Most people are familiar with naming a legal guardian for a child when the parents are unavailable or unable to care for the child. As the population matures, more people are also becoming aware of the reverse situation, naming a guardian for an adult parent.  As we grow older and our lives become more complicated many of our elderly cannot adequately make decisions in their best interests.  A guardian makes those decisions for them.
 
Conservatorship

Guardians for adults are a growing area in elder law and estate planning. Every state has a statute regarding the procedure to name a guardian, sometimes called a conservator, for an adult. The incapacitated adult is the “conservatee” and the guardian is the “conservator”. Most states require a judge to approve the appointment and also require the adult to undergo a medical examination.
 
Unlike a child’s guardian who, like a parent, has complete control of the child an adult conservator’s powers may be limited.  An incapacitated adult may only need help with specific needs. A conservator may be appointed with general powers or the court may only grant a limited conservatorship.  A limited conservatorship may be created to solely control an incapacitated adult’s finances, health care decisions, or any other singular aspect of their lives that the adult can not adequately manage on their own.  In a limited conservatorship the conservatee will still retain decision making ability over every other aspect of his/her life.

Power of Attorney

A power of attorney is another legal tool that allows a person to make decisions on someone’s behalf, creating a principal and agent relationship. Even though both the agent and conservator must act in the best interests of the other party there are significant differences between a power of attorney and a legal guardian/conservator.  A guardianship is a court order while a power of attorney is an agreement between only the principal and the agent.

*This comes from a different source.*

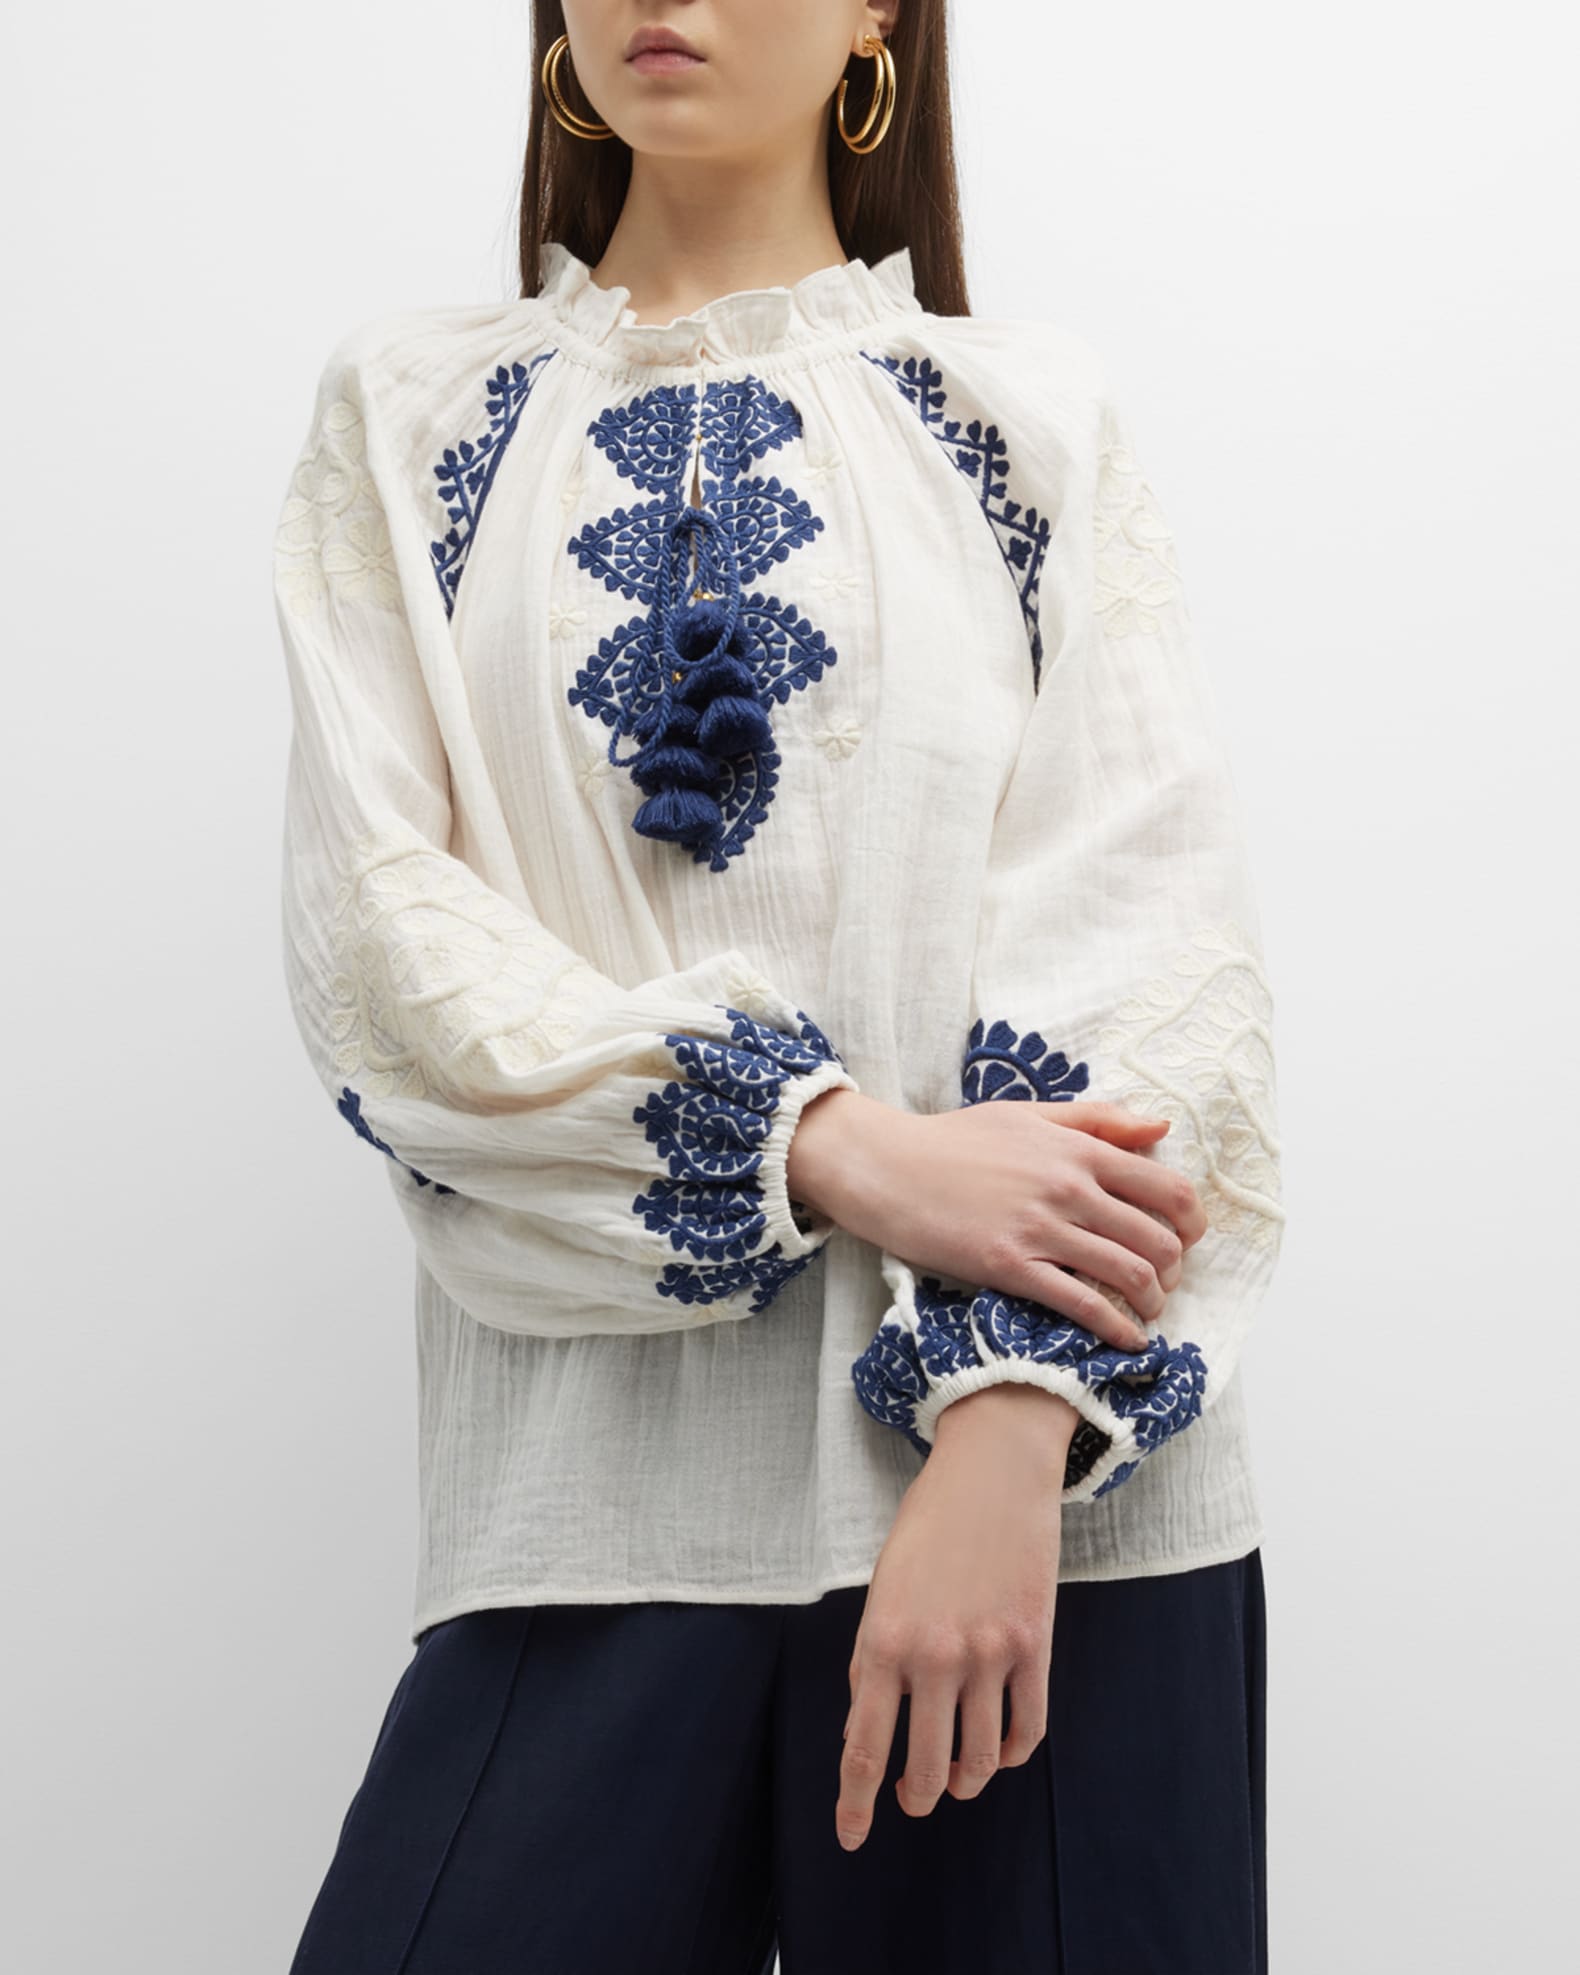 Figue Magnolia Embroidered Top | Neiman Marcus
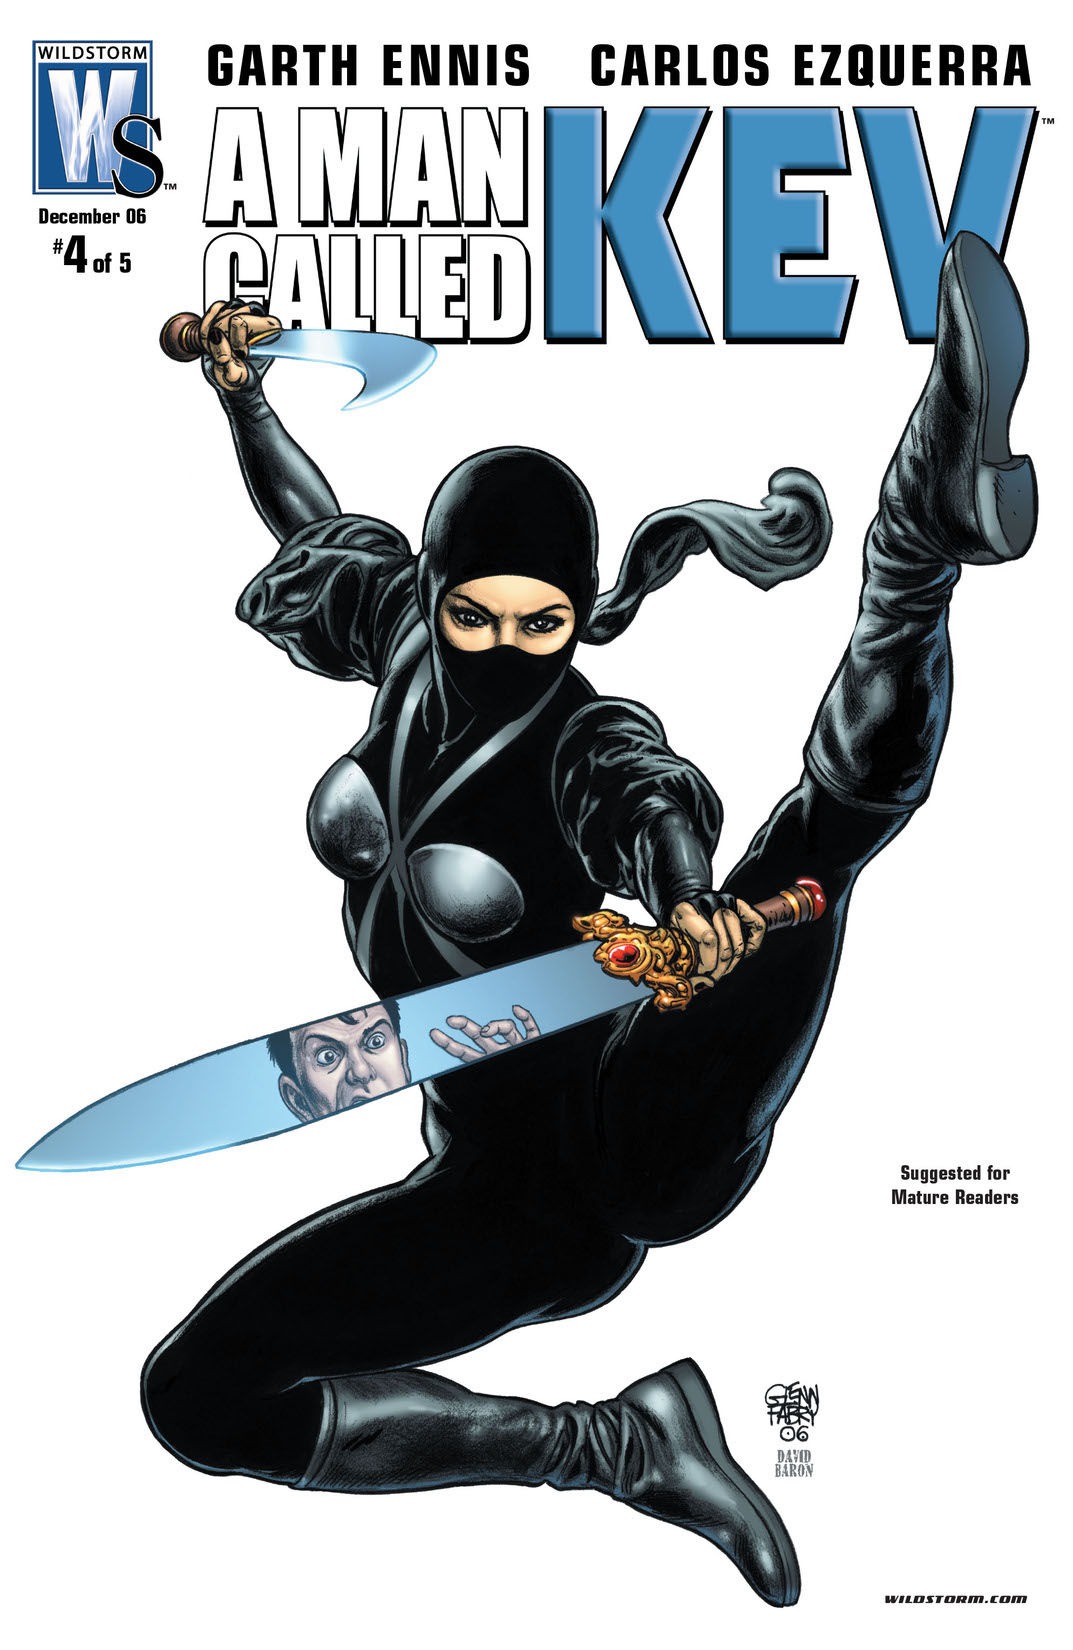 A Man Called Kev #4 preview images

A power of attorney is voluntarily entered into by the parties, allows for both parties to make decisions concurrently and can be revoked at any time by either party.   A guardian/conservator is only established by a court order and strips the conservatee of some rights. In some cases the proposed conservatee can also voluntarily petition the court to appoint a conservator for them.  Once the conservator is appointed the court transfers certain rights from the conservatee to the conservator. A conservatorship cannot be revoked by the parties; the only way to end it is by another court order.
 
Best Interests

Like an attorney, a conservator is required to act in the best interest of their conservatee. A conservator cannot profit from decisions made on behalf of the conservatee and must not have a conflict of interest between their interests and their conservatee’s.

If you cannot find a family member or close friend to act as a conservator there are many professionals who specialize in being professional conservators.  If you have questions or need a conservator there are probably attorneys near you that can help.  There are many lawyers and law firms who specialize in Elder Law who can assist in establishing a conservatorship for adults.